The three centers —including the BioEnergy Research Center (BESC) led by Oak Ridge National Laboratory, the Great Lakes Bioenergy Research Center (GLBRC) led by the University of Wisconsin-Madison in partnership with Michigan State University, and the Joint BioEnergy Institute (JBEI) led by Lawrence Berkeley National Laboratory—were established by the DOE's Office of Science in 2007 as a program to accelerate research toward the development of advanced, next-generation biofuels.
"Developing the next generation of American biofuels will enhance our national energy security, expand the domestic biofuels industry, and produce new clean energy jobs. It will help America's farmers and create vast new opportunities for wealth creation in rural communities," said Energy Secretary Steven Chu. "By investing in innovative approaches and technologies at our Bioenergy Research centers, we can continue to move the biofuels industry forward and grow our economy while reducing our reliance on foreign oil."
In five years of operation, the centers have produced more than 1,100 peer-reviewed publications and over 400 invention disclosures and/or patent applications.
Among the breakthroughs the centers have achieved are new approaches for engineering non-food crops for biofuel production; reengineering of microbes to produce advanced biofuels such as "green" gasoline, diesel and jet fuel precursors from biomass; and the development of methods to grow non-food biofuel crops on marginal lands so as not to compete with food production.

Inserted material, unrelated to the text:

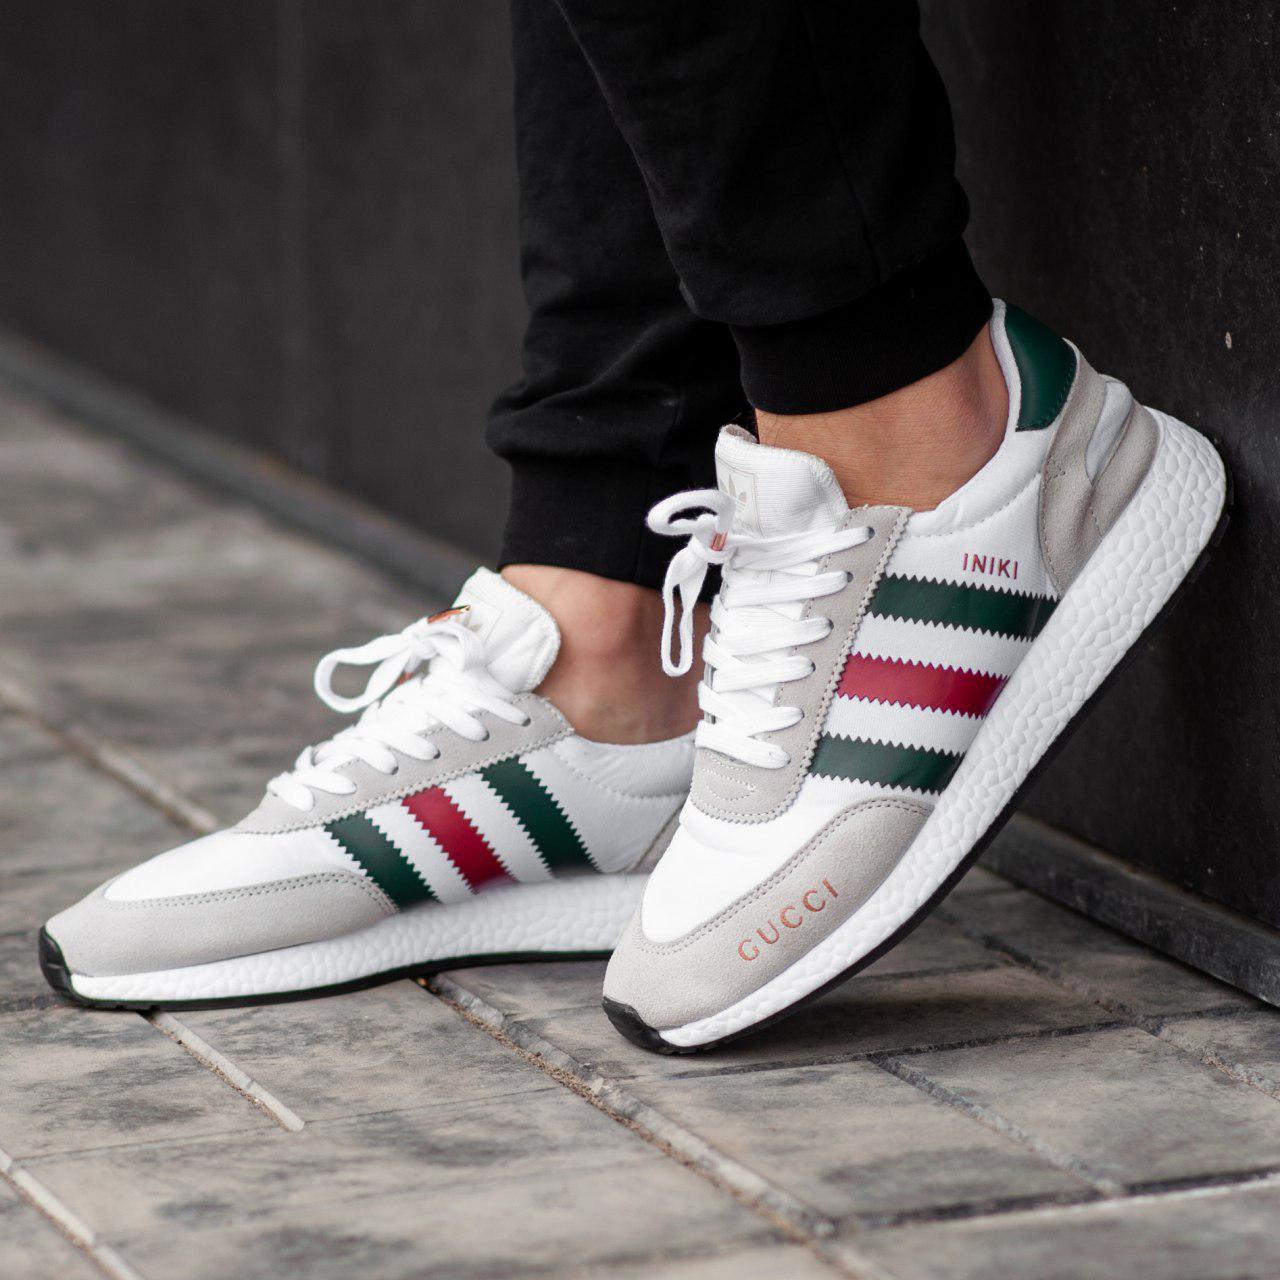 53521f331 Мужские кроссовки Adidas Iniki x Gucci White (Реплика ААА+) - Магазин  брендовой обуви

Established on the basis of a nationwide competition, each center is designed to be a large, integrated, multidisciplinary research effort, funded at the rate of $25 million per year. Emphasis in the next five years will be on bringing new methods and discoveries to maturity, developing new lines of research and accelerating the transformation of scientific breakthroughs into new technologies that can transition to the marketplace.